“文彥博這個老鬼,一天不坑人就心裏不舒服,早晚要把他趕出京城!”


    王寧安笑嗬嗬說著,還看了一眼賈章。


    在這一瞬間,賈章是怦然心動的,莫非王寧安要決心倒文,把文彥博幹掉了,豈不是他爹的機會就來了?


    當然了,賈章隻是想了想。


    他還記得,在行宮,趙禎都說出了失望之詞,如果真的要倒文,當時就把他罷免了,結果趙禎收回了,王寧安也沒跟著落井下石,分明是倒文的時機不到。


    王寧安說這話,也是試探自己!


    奶奶的,就沒有一個人不套路的!


    畢竟賈王兩家結親,非同小可,王寧安也是一肚子想法……賈章忙陪笑道:“家父年紀也大了,老一波的人物當中,除了文彥博,也就是富弼,還有龐籍寥寥幾人,如果把文彥博罷黜了,剩下的人也未必和王相公同心同德,身為一家人,下官勸王相公一句,暫時還是以穩妥為重,等到實力積攢夠了,到時候再把文彥博替換掉,不聲不響,豈不是更妙!”


    王寧安眼前一亮,別管是不是真心,賈章的話說得讓人舒坦。他沒有為了賈昌朝而昏了頭腦,還知道是自己人,看起來值得栽培。


    “賈大人見識高明,我也就放心了。”


    王寧安喝了一口茶,語氣更加溫和,“既然文彥博讓你去平定叛亂,賈大人就要立刻行動。你有什麽想法沒有?”


    賈章忙道:“下官還不太清楚狀況,不過左右離不開軟硬兼施,恩威並濟這八個字!”


    “不妥!”


    王寧安立刻搖頭,“如果按照這八個字去辦,一定會出大亂子的。”


    賈章悚然一驚,忙問道:“王相公,您有什麽指點,下官洗耳恭聽。
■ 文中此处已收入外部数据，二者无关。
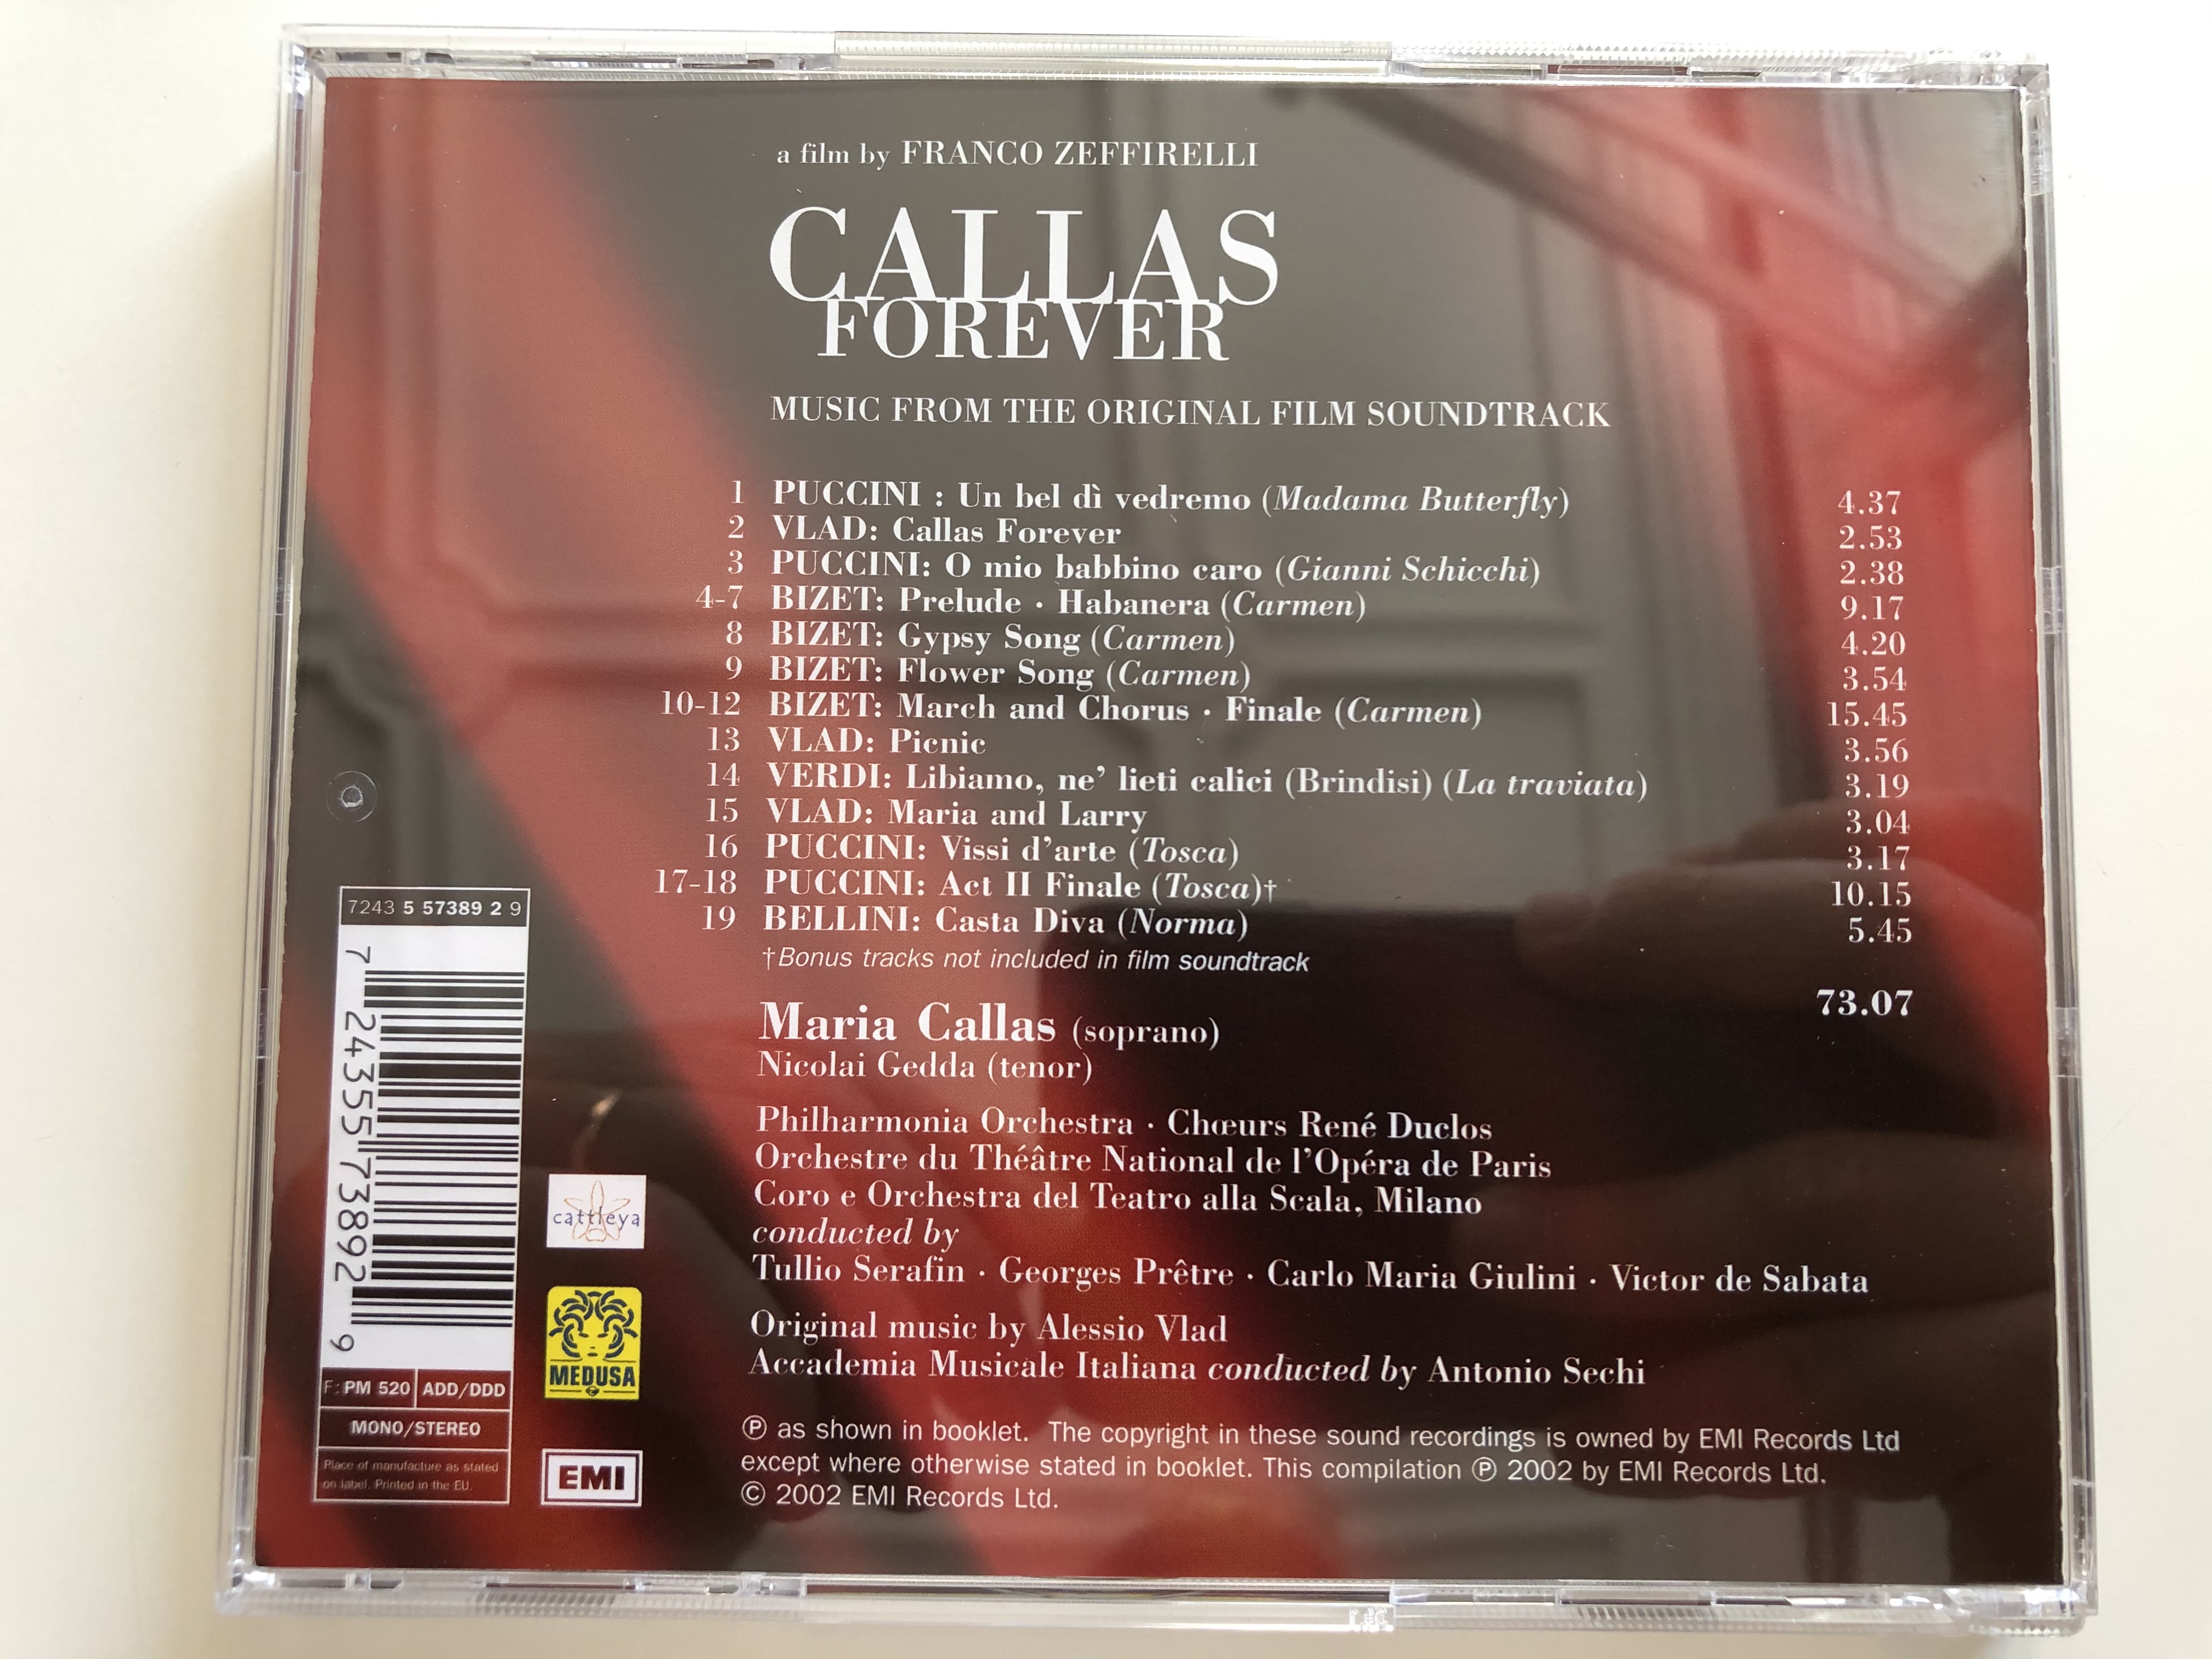 callas-forever-original-film-soundtrack-a-film-by-franco-zeffirelli-fanny-ardant-jeremy-irons-emi-audio-cd-2002-mono-stereo-5-57396-2-7-.jpg

”


    “嗯,我給你講一個最近的事情吧!”


    王寧安娓娓道來……董氈被抓捕之後,曾經義憤填膺,嚷嚷著要善待他,不能把他當成囚犯,不然青唐的幾十萬百姓,不會放過大宋的。


    到時候世世代代,會一直戰鬥下去,無休無止。


    負責押解董氈的正是曹評,這位曹大少爺可不吃那一套,他把祖傳匕首掏出來,直接頂在了董氈的脖子上。


    “告訴你,這把匕首,兩三個月的功夫,至少有50人死在匕首之下,不差你一個!”曹評神色猙獰可怖,殺氣騰騰,不要懷疑,他真的敢動刀子。


    董氈變顏變色,近在咫尺的匕首,的確透著一股陰寒的血腥氣,讓人不寒而栗!


    “你,你少吹牛!我青唐武士又不是白給的!”


    “呸,在老子的眼裏,你們就是一群渣滓!”曹評抓著匕首,在董氈的腦門蹭了兩下,然後不客氣道:“告訴你,就是老子拿下的當川堡,我們180個兄弟,守衛當川堡,你們幾千人都拿不下來!”


    “什麽?”


    董氈驚得站起,結果腦袋撞在了囚車的頂棚上,腦袋出了鴨蛋大的包兒,疼得他齜牙咧嘴。更讓他不寒而栗的是曹評的話。


    想想幾天之前,他親自督師,砍得血流成河,就是攻不下當川堡。


    當時董氈估計,裏麵至少有兩千人。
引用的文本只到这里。